Chair no. 10 - Peter Englund
Historian.
Inducted: 2002.
Peter Englund was born in Boden, northern Sweden, in 1957. Following high school and military service, he studied archaeology, theoretical philosophy and history at Uppsala University. After a period in military intelligence, he resumed his academic career and his research into Sweden’s era as a great power and its contemporaneous world view. This resulted in his doctoral thesis, Det hotade huset: Adliga föreställningar om samhället under stormaktstiden (1989; 'A House in Peril: Aristocratic Conceptions of Society during Sweden’s Period as a Great Power'). In parallel, he was writing in freer style about the Battle of Poltava, resulting the previous year in the acclaimed The Battle that Shook Europe - Poltava and the Birth of the Russian Empire. This book, with its detailed and anti-heroic depiction of the realities of soldiers’ lives, was not only a considerable commercial success but also contributed to a perceptible rise in public interest in history in Sweden. Leaning on diaries and letters, he described the Swedish army’s catastrophic defeat in 1709. Using the personal experiences of a number of individuals in an historical juncture is called microhistory, a method Englund often employs. It framed a subsequent work, The Beauty and the Sorrow (1991) about the first world war, then when when he returned to the Great Power period in Ofredsår (1993; ‘Years of War’), Den oövervinnerlige (2000; 'The Invincible One’) and Silvermasken (2005; ‘The Silver Mask’). His works have illuminated dominant but at times extraordinarily elusive figures such as Count Erik Dahlbergh, King Charles X and Queen Christina, but have also examined the conditions of ordinary people, whether through midwifery, dietary customs or how dwellings were heated. This intimacy is often even more striking in Englund’s reportage and essay collections such as Förflutenhetens landskap (1991; ‘The Landscape of Times Past’) and Tystnadens historia och andra essäer (2003; ‘History of Silence and Other Essays’).
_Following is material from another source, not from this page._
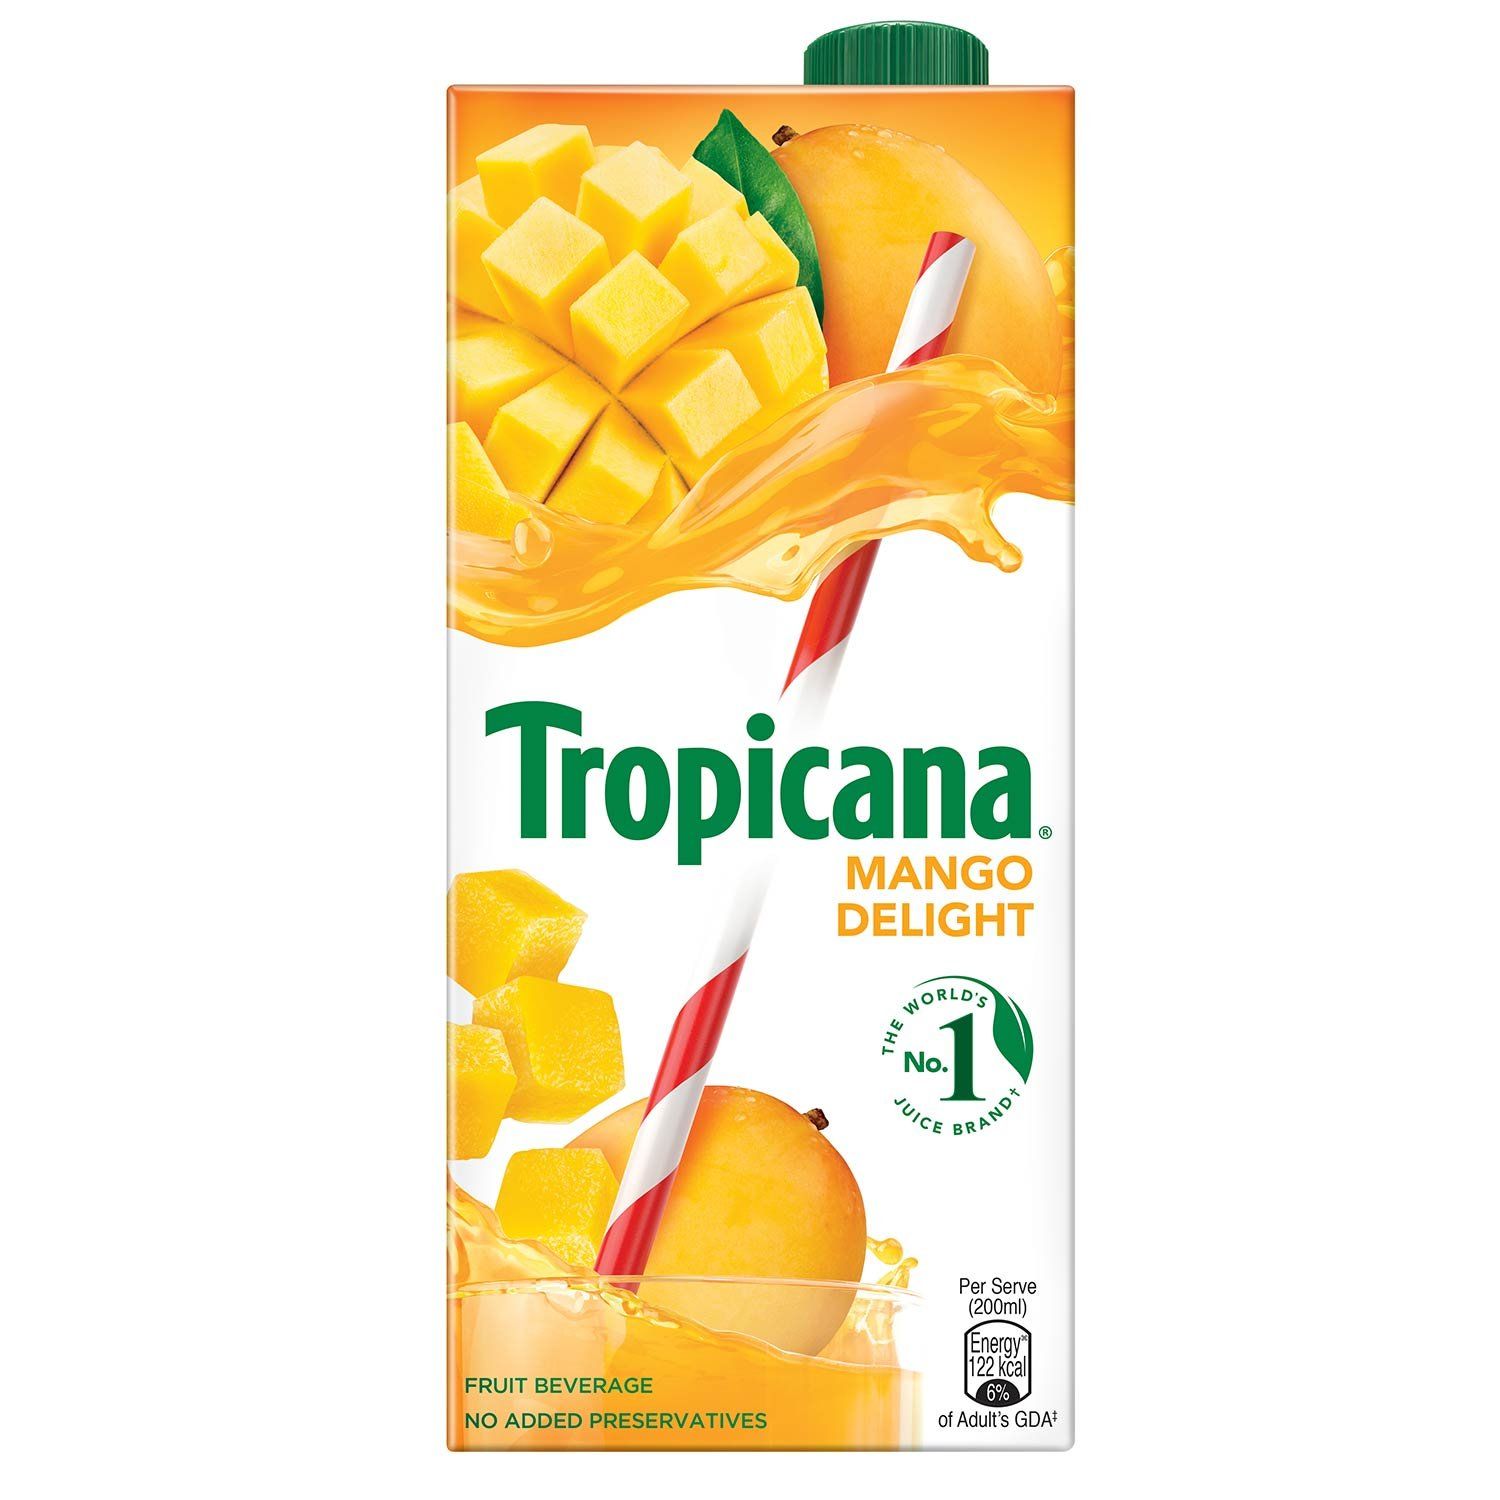 Tropicana Mango Delight Juice Image

Englund has also written reportage from the wars in Croatia, Bosnia, Afghanistan and Iraq, as well as the autobiographical Jag kommer ihåg (2016; ‘I Remember’) and the forensic examination Söndagsvägen – berättelsen om ett mord (2020; 'The Sunday Road – History of a Murder'). He has written for film and television on historical subjects and has contributed essays and reportage to the daily newspapers Expressen and Dagens Nyheter. Between 2001–06 he was Professor of Historical and Social Narrative at the Stockholm University of the Arts.
Englund was elected to the Academy on 23 May 2002 on Chair No. 10, succeeding Erik Lönnroth, and admitted on 20 December that year. On 29 May 2008 he was appointed Permanent Secretary, taking up his functions on 1 June 2009. He remained in that position until 31 May 2015. He was a co-opted member of the Nobel Committee for 2009–15.